Stored entries
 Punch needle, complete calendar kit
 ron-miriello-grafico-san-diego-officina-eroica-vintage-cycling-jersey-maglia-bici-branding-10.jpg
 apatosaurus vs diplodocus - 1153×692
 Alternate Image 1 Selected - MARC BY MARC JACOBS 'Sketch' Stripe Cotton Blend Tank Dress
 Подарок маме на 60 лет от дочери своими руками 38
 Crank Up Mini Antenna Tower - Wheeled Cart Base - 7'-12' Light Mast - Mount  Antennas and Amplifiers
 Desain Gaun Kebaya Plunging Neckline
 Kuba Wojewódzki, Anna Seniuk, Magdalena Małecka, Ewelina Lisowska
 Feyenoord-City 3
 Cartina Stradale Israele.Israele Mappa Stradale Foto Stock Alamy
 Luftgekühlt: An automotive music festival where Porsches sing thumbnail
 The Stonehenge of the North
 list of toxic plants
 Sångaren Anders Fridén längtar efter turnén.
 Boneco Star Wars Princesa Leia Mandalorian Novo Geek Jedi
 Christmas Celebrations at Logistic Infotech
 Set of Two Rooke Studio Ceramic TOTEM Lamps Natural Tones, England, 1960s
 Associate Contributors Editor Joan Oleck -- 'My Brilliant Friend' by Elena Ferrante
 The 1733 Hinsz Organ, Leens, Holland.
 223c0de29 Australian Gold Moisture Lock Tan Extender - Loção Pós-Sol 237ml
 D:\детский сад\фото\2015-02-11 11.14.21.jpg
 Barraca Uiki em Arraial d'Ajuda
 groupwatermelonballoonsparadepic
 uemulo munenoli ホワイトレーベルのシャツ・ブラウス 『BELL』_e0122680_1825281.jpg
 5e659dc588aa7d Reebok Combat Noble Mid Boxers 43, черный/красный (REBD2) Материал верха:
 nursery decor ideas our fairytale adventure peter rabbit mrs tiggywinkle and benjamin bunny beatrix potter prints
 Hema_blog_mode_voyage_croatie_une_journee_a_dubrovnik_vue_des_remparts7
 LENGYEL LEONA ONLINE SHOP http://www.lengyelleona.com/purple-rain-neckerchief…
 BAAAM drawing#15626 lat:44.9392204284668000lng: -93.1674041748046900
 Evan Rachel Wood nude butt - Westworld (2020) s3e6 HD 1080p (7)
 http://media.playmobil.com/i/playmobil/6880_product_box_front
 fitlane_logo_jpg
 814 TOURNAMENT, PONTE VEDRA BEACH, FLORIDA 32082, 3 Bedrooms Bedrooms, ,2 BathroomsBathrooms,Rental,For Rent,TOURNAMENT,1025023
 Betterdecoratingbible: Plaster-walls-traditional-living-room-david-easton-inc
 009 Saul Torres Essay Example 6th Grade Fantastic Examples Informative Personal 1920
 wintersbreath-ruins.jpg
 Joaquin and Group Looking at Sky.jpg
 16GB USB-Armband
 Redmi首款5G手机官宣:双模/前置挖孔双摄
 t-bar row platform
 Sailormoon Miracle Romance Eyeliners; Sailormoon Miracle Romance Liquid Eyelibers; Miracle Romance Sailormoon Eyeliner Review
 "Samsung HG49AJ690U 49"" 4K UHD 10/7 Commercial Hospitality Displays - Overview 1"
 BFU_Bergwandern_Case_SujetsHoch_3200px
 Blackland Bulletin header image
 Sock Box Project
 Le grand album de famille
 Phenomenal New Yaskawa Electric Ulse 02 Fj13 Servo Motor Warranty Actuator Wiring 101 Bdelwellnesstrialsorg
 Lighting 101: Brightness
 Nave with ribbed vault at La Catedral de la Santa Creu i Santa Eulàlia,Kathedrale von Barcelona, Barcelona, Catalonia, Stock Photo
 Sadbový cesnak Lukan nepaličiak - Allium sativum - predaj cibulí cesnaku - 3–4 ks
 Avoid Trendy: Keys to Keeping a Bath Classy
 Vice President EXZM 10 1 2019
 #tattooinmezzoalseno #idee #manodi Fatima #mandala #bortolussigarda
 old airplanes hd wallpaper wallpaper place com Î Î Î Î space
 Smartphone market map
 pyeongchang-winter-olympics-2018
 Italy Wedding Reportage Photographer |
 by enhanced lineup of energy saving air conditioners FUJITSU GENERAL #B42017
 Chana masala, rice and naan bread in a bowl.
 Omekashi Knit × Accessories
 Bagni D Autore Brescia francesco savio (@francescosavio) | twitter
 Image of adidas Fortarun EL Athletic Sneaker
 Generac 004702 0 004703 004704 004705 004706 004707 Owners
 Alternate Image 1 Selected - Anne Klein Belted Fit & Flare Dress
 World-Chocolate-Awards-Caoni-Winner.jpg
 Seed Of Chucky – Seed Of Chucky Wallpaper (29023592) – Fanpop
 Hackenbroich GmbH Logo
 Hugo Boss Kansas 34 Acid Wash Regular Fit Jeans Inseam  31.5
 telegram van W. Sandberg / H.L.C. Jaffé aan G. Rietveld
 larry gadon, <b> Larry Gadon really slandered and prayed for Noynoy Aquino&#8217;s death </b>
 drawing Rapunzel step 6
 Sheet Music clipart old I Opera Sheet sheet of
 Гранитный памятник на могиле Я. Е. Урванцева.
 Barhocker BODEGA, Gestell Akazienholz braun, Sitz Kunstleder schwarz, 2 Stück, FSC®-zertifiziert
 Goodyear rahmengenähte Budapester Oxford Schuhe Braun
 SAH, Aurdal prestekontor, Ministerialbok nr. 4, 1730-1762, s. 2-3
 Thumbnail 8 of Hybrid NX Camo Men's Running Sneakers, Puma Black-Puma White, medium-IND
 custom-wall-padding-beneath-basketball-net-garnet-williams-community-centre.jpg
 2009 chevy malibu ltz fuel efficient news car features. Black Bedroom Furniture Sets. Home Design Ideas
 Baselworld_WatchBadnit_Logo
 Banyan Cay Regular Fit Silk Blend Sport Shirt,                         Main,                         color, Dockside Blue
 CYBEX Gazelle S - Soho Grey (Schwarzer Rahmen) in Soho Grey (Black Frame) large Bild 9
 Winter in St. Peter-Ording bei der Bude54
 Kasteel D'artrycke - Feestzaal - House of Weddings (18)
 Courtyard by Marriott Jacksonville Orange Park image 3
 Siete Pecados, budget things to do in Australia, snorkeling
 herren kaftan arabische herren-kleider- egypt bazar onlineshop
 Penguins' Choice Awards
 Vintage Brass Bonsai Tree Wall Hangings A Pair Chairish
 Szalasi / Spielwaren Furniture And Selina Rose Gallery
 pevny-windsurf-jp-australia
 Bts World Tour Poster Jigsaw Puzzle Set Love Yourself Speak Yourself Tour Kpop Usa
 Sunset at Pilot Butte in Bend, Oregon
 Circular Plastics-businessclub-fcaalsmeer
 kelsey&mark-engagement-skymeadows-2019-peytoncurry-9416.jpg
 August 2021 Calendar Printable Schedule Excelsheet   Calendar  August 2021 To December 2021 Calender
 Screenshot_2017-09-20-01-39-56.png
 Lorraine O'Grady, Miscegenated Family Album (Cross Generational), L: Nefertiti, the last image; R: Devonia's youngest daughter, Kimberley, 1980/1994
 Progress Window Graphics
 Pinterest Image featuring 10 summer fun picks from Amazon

» **What you are asked to do**: Please reproduce the data as it was given, with every line exact.

» **Answer space**:
 Punch needle, complete calendar kit
 ron-miriello-grafico-san-diego-officina-eroica-vintage-cycling-jersey-maglia-bici-branding-10.jpg
 apatosaurus vs diplodocus - 1153×692
 Alternate Image 1 Selected - MARC BY MARC JACOBS 'Sketch' Stripe Cotton Blend Tank Dress
 Подарок маме на 60 лет от дочери своими руками 38
 Crank Up Mini Antenna Tower - Wheeled Cart Base - 7'-12' Light Mast - Mount  Antennas and Amplifiers
 Desain Gaun Kebaya Plunging Neckline
 Kuba Wojewódzki, Anna Seniuk, Magdalena Małecka, Ewelina Lisowska
 Feyenoord-City 3
 Cartina Stradale Israele.Israele Mappa Stradale Foto Stock Alamy
 Luftgekühlt: An automotive music festival where Porsches sing thumbnail
 The Stonehenge of the North
 list of toxic plants
 Sångaren Anders Fridén längtar efter turnén.
 Boneco Star Wars Princesa Leia Mandalorian Novo Geek Jedi
 Christmas Celebrations at Logistic Infotech
 Set of Two Rooke Studio Ceramic TOTEM Lamps Natural Tones, England, 1960s
 Associate Contributors Editor Joan Oleck -- 'My Brilliant Friend' by Elena Ferrante
 The 1733 Hinsz Organ, Leens, Holland.
 223c0de29 Australian Gold Moisture Lock Tan Extender - Loção Pós-Sol 237ml
 D:\детский сад\фото\2015-02-11 11.14.21.jpg
 Barraca Uiki em Arraial d'Ajuda
 groupwatermelonballoonsparadepic
 uemulo munenoli ホワイトレーベルのシャツ・ブラウス 『BELL』_e0122680_1825281.jpg
 5e659dc588aa7d Reebok Combat Noble Mid Boxers 43, черный/красный (REBD2) Материал верха:
 nursery decor ideas our fairytale adventure peter rabbit mrs tiggywinkle and benjamin bunny beatrix potter prints
 Hema_blog_mode_voyage_croatie_une_journee_a_dubrovnik_vue_des_remparts7
 LENGYEL LEONA ONLINE SHOP http://www.lengyelleona.com/purple-rain-neckerchief…
 BAAAM drawing#15626 lat:44.9392204284668000lng: -93.1674041748046900
 Evan Rachel Wood nude butt - Westworld (2020) s3e6 HD 1080p (7)
 http://media.playmobil.com/i/playmobil/6880_product_box_front
 fitlane_logo_jpg
 814 TOURNAMENT, PONTE VEDRA BEACH, FLORIDA 32082, 3 Bedrooms Bedrooms, ,2 BathroomsBathrooms,Rental,For Rent,TOURNAMENT,1025023
 Betterdecoratingbible: Plaster-walls-traditional-living-room-david-easton-inc
 009 Saul Torres Essay Example 6th Grade Fantastic Examples Informative Personal 1920
 wintersbreath-ruins.jpg
 Joaquin and Group Looking at Sky.jpg
 16GB USB-Armband
 Redmi首款5G手机官宣:双模/前置挖孔双摄
 t-bar row platform
 Sailormoon Miracle Romance Eyeliners; Sailormoon Miracle Romance Liquid Eyelibers; Miracle Romance Sailormoon Eyeliner Review
 "Samsung HG49AJ690U 49"" 4K UHD 10/7 Commercial Hospitality Displays - Overview 1"
 BFU_Bergwandern_Case_SujetsHoch_3200px
 Blackland Bulletin header image
 Sock Box Project
 Le grand album de famille
 Phenomenal New Yaskawa Electric Ulse 02 Fj13 Servo Motor Warranty Actuator Wiring 101 Bdelwellnesstrialsorg
 Lighting 101: Brightness
 Nave with ribbed vault at La Catedral de la Santa Creu i Santa Eulàlia,Kathedrale von Barcelona, Barcelona, Catalonia, Stock Photo
 Sadbový cesnak Lukan nepaličiak - Allium sativum - predaj cibulí cesnaku - 3–4 ks
 Avoid Trendy: Keys to Keeping a Bath Classy
 Vice President EXZM 10 1 2019
 #tattooinmezzoalseno #idee #manodi Fatima #mandala #bortolussigarda
 old airplanes hd wallpaper wallpaper place com Î Î Î Î space
 Smartphone market map
 pyeongchang-winter-olympics-2018
 Italy Wedding Reportage Photographer |
 by enhanced lineup of energy saving air conditioners FUJITSU GENERAL #B42017
 Chana masala, rice and naan bread in a bowl.
 Omekashi Knit × Accessories
 Bagni D Autore Brescia francesco savio (@francescosavio) | twitter
 Image of adidas Fortarun EL Athletic Sneaker
 Generac 004702 0 004703 004704 004705 004706 004707 Owners
 Alternate Image 1 Selected - Anne Klein Belted Fit & Flare Dress
 World-Chocolate-Awards-Caoni-Winner.jpg
 Seed Of Chucky – Seed Of Chucky Wallpaper (29023592) – Fanpop
 Hackenbroich GmbH Logo
 Hugo Boss Kansas 34 Acid Wash Regular Fit Jeans Inseam  31.5
 telegram van W. Sandberg / H.L.C. Jaffé aan G. Rietveld
 larry gadon, <b> Larry Gadon really slandered and prayed for Noynoy Aquino&#8217;s death </b>
 drawing Rapunzel step 6
 Sheet Music clipart old I Opera Sheet sheet of
 Гранитный памятник на могиле Я. Е. Урванцева.
 Barhocker BODEGA, Gestell Akazienholz braun, Sitz Kunstleder schwarz, 2 Stück, FSC®-zertifiziert
 Goodyear rahmengenähte Budapester Oxford Schuhe Braun
 SAH, Aurdal prestekontor, Ministerialbok nr. 4, 1730-1762, s. 2-3
 Thumbnail 8 of Hybrid NX Camo Men's Running Sneakers, Puma Black-Puma White, medium-IND
 custom-wall-padding-beneath-basketball-net-garnet-williams-community-centre.jpg
 2009 chevy malibu ltz fuel efficient news car features. Black Bedroom Furniture Sets. Home Design Ideas
 Baselworld_WatchBadnit_Logo
 Banyan Cay Regular Fit Silk Blend Sport Shirt,                         Main,                         color, Dockside Blue
 CYBEX Gazelle S - Soho Grey (Schwarzer Rahmen) in Soho Grey (Black Frame) large Bild 9
 Winter in St. Peter-Ording bei der Bude54
 Kasteel D'artrycke - Feestzaal - House of Weddings (18)
 Courtyard by Marriott Jacksonville Orange Park image 3
 Siete Pecados, budget things to do in Australia, snorkeling
 herren kaftan arabische herren-kleider- egypt bazar onlineshop
 Penguins' Choice Awards
 Vintage Brass Bonsai Tree Wall Hangings A Pair Chairish
 Szalasi / Spielwaren Furniture And Selina Rose Gallery
 pevny-windsurf-jp-australia
 Bts World Tour Poster Jigsaw Puzzle Set Love Yourself Speak Yourself Tour Kpop Usa
 Sunset at Pilot Butte in Bend, Oregon
 Circular Plastics-businessclub-fcaalsmeer
 kelsey&mark-engagement-skymeadows-2019-peytoncurry-9416.jpg
 August 2021 Calendar Printable Schedule Excelsheet   Calendar  August 2021 To December 2021 Calender
 Screenshot_2017-09-20-01-39-56.png
 Lorraine O'Grady, Miscegenated Family Album (Cross Generational), L: Nefertiti, the last image; R: Devonia's youngest daughter, Kimberley, 1980/1994
 Progress Window Graphics
 Pinterest Image featuring 10 summer fun picks from Amazon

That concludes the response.